Top U.S. Scientists and Economists Call For Swift, Deep Cuts In Global Warming Pollution: More than 1,700 Say Early Reductions Can Benefit Economy
Source: Union of Concerned Scientists
Posted Date: May 29, 2008
More than 1,700 of the nation's most
prominent scientists and economists today released a joint statement
calling on policymakers to require immediate, deep reductions in
heat-trapping emissions that cause global warming. Issued just days
before the Senate begins debate on the Lieberman-Warner climate bill,
the statement marks the first time leading U.S. scientists and
economists have joined together to make such an appeal.
The statement stresses that implementing policies to achieve swift
and substantial cuts is both economically sound and necessary to limit
the worst consequences of climate change.
"There is a strong consensus that we must do something about
reducing the emissions that cause global warming," said James McCarthy,
president of the American Association for the Advancement of Science
and one of the statement's authors. "The debate right now is about how
much we need to cut. The fact that so many scientists and economists
have spoken out and signed this letter should give policymakers the
confidence that we can avert serious adverse climate impacts."

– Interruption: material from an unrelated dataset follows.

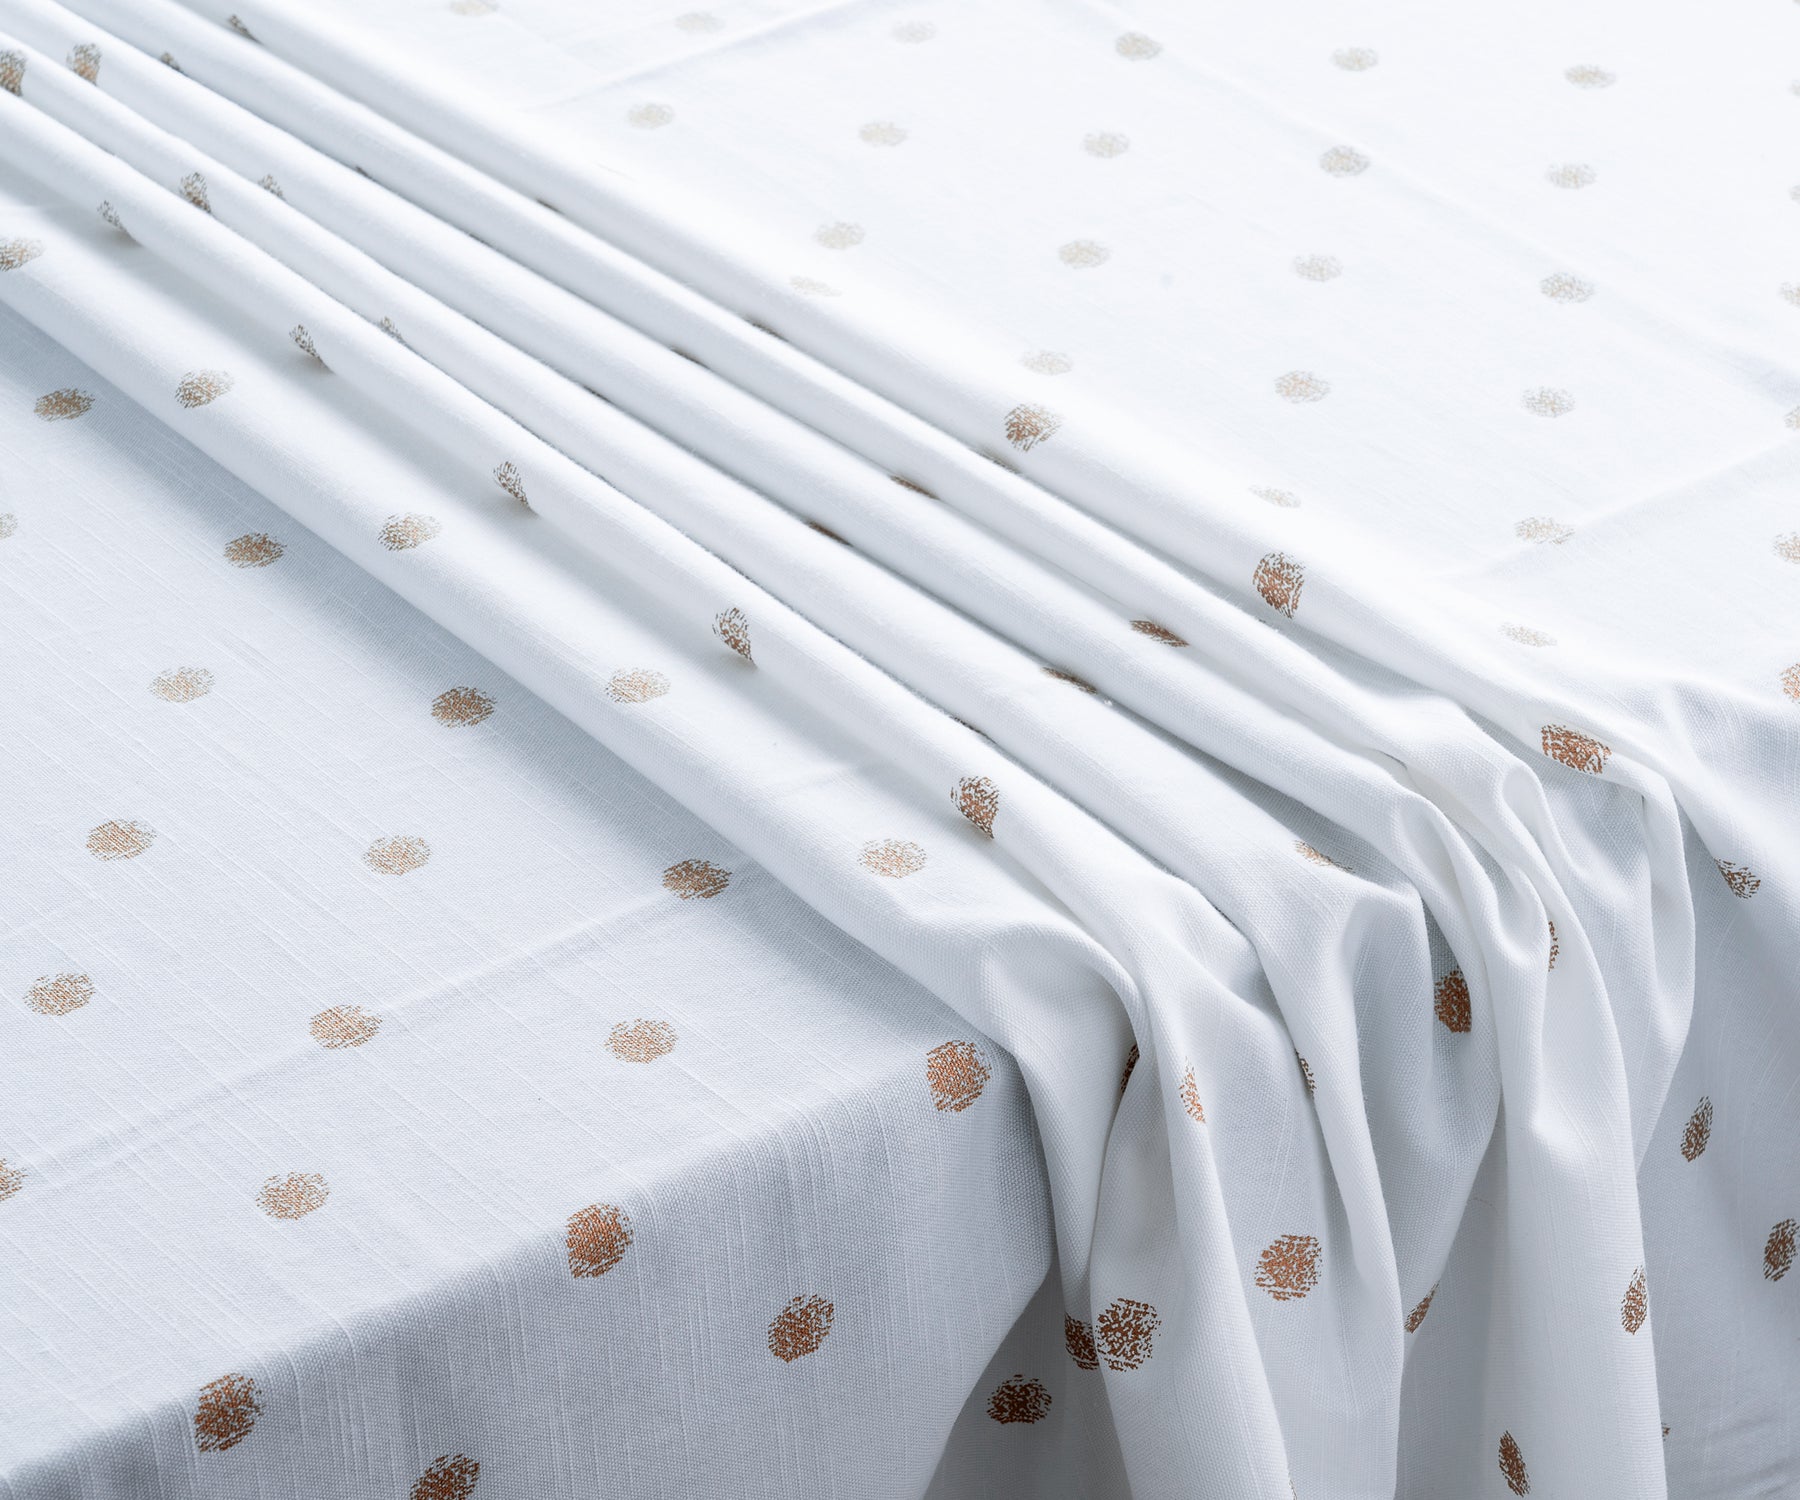 Upgrade your spring events with the elegance of bulk gold rectangle tablecloths, adding sophistication to your table settings.Versatile rectangular tablecloth, a must-have for any homemakerCrisp white round tablecloths for circular dining tables

Besides McCarthy, the statement authors include Mario Molina, a
Nobel Prize winner in chemistry; Peter Frumhoff, director of science
and policy at the Union of Concerned Scientists (UCS) and an
Intergovernmental Panel on Climate Change (IPCC) lead author; Stephen
Schneider, a Stanford University climatologist and a member of the
National Academy of Sciences (NAS); and Geoff Heal, an economist at
Columbia University's Business School. The signatories, compiled by
UCS, include six Nobel Prize winners in science or economics, 31 NAS
members, and more than 100 IPCC authors and editors, who all shared the
2007 Nobel Peace Prize with Al Gore.
According to the statement, "the strength of the science on climate
change" compelled the signers to warn policymakers of climate change's
growing risks, including "sea level rise, heat waves, droughts,
wildfires, snowmelt, floods and disease, as well as increased plant and
animal species extinctions."
The statement notes that acting quickly to cut global warming
pollution would be the most cost-effective way to limit climate change.
If the United States delays taking action, future cuts would have to
more drastic and would be much more expensive. Those costs would come
in addition to the increased cost of adapting to more climate change.
Conversely, the statement says smart reduction strategies would allow
the economy to grow, generate new domestic jobs, protect public health,
and strengthen energy security.
The statement concludes that the United States should reduce global
warming pollution "on the order of 80 percent below 2000 levels by
2050" and that the first step should be reductions of 15 to 20 percent
below 2000 levels by 2020. The statement calls on the United States to
set an example and bring nations together to meet the climate challenge.
Columbia University economist Heal said the cost of inaction far
outweighs the cost of addressing climate change. The costs of cutting
emissions to safe levels would be between 1 and 2 percent of gross
domestic product (GDP), he said, while the costs of allowing climate
change to proceed unabated would be on the order of 10 to 20 percent of
Heal sees the challenge of reducing global warming emissions as an
economic opportunity. "Limiting global warming emissions is a great
investment," he said. "When you compare the cost of acting to the cost
of not acting, cutting emissions would give the world a return of 10 to
1. That's attractive even to a venture capitalist."